# How many cups of food does your chi eat a day?



## SamB (Feb 7, 2013)

Forrest is probably eating 1 cup a day, maybe more some days but he had a lot of catching up to do. I will talk to my vet today about when I need to lower his food intake as I think when he is a bit bigger that will probably be too much to feed him.


What do the average over 6 month old chi eat?


----------



## miuccias (Aug 22, 2012)

It depends on the food, what are you feeding?


Sent from Petguide.com Free App


----------



## Moonfall (Nov 16, 2012)

1/4 cup or so total I think. He's 4.8 pounds, sometimes fluctuates to 5.1.


----------



## SamB (Feb 7, 2013)

miuccias said:


> It depends on the food, what are you feeding?
> 
> 
> Sent from Petguide.com Free App


Burns dry food


----------



## Angel1210 (Mar 14, 2011)

I feed Angel 2x per day. He gets 1/8 cup of Honest Kitchen Embark (not part of the recall) and 1/8 cup Wellness Core in the evening. Plus a few treats and some veggies.

Just got him weighed yesterday, he is 8.5 pounds. Vet would like him to be 8, but that would be difficult, so I'm okay with 8.5! He s 2 years old.


----------



## Aquarius (May 8, 2009)

Mine are on Acana at the moment and each get 1/8 cup twice a day so a 1/4 cup in total. They are about 4lbs and 5 lbs.

PS - that's a measuring cup not the cup that comes with the dog food!


----------



## jan896 (Dec 9, 2009)

Chico and Kody both get a patty of Freeze-dried Stella & Chewys, twice a day.... the package says 2.5 per day but I set a few baby carrots out for them to chew on thru out the day....


----------



## vanessa40 (Feb 24, 2013)

Hi,
My baby is about 8 pounds. She is a very long legged chi. I had been feeing her 3/4 of a cup of dry food but i am not sure that is enough..i also give her a few treats


----------



## Sideout (Sep 3, 2012)

I dont understand! Mine gets 1/4 cup a day and shes overweight. She fluctuates between 11-12lbs when she should be about 9-10lbs.


----------



## pupluv168 (Mar 7, 2012)

Sideout said:


> I dont understand! Mine gets 1/4 cup a day and shes overweight. She fluctuates between 11-12lbs when she should be about 9-10lbs.


It fluctuates depending on what food you feed. The better quality of good the less you need to feed. There is no one size fits all answer. 

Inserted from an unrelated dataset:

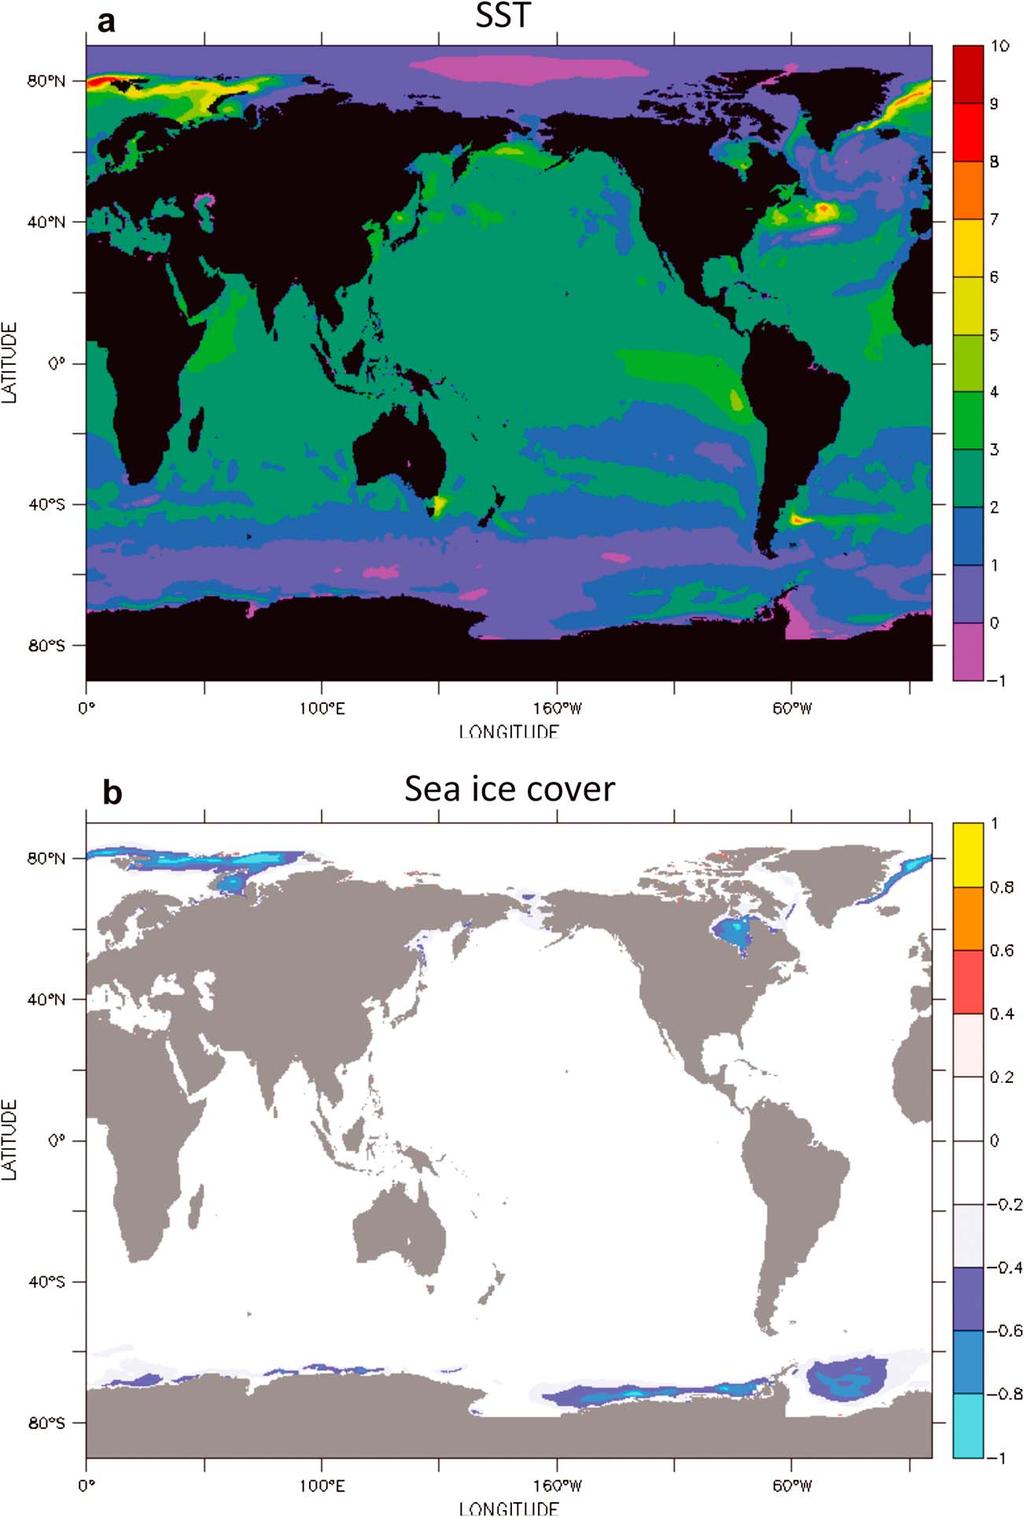 Figure 2. Difference in (a) sea surface temperature (SST) (K) and (b) sea ice cover, between the periods 2094 2098 and 2002 2006 [Sterl et al., 2008].

Sent from Petguide.com App


----------



## Sideout (Sep 3, 2012)

pupluv168 said:


> It fluctuates depending on what food you feed. The better quality of good the less you need to feed. There is no one size fits all answer.
> 
> 
> Sent from Petguide.com App


A previous poster says she feeds Acana which I do too and we feed the same amounts but her chi is 5lbs


----------



## pupluv168 (Mar 7, 2012)

Sideout said:


> A previous poster says she feeds Acana which I do too and we feed the same amounts but her chi is 5lbs


Well it also depends on the dogs metabolism, activity level, etc. There are so many factors that it is really specific to each dog. 


Sent from Petguide.com App


----------



## doginthedesert (Oct 10, 2011)

pupluv168 said:


> Well it also depends on the dogs metabolism, activity level, etc. There are so many factors that it is really specific to each dog.
> 
> 
> Sent from Petguide.com App


Absolutely! I feed raw so I don't have cups for you to compare but my 6lb chi eats 4-5 ounces a day depending on the time of year and how much activity we are doing. My lazy 22lb dog only eats 7oz a day! He is 4x her weight and only eats a few ounces more than her. I had a foster dog who was a 15 year old chi who weighed 9lbs and only ate 3oz a day of food. It really all depends on the dog, just ignore what the side of the bag says and feed based on how your dog looks!


----------



## Sideout (Sep 3, 2012)

pupluv168 said:


> Well it also depends on the dogs metabolism, activity level, etc. There are so many factors that it is really specific to each dog.
> 
> 
> Sent from Petguide.com App


Yes, Im well aware of this. Im just surprised at the huge weight difference. Her chi is more than half the size of mine. 

I dont follow whats on the bag. I went according to a feeding calculator online and then reduced even more.


----------



## intent2smile (Dec 4, 2011)

We are trying to find the balance with Jaxx's new food. I go a lot about if they are gaining or losing weight. I also look at their stools 
Right now Jaxx is on 1/8 cup in the morning and 1/8 cup at night


Sent from Petguide.com Free App


----------



## Evelyn (Oct 14, 2012)

Ike get 1/3 cup a day half of that is Fromm and the other half is Ziwipeak in the evening, plus he gets treats, he act like I am starving him to death.


----------



## EmberLuvu (Oct 24, 2011)

For Ember, we set out a cup however she usually only eats 1/2-3/4 cup.


----------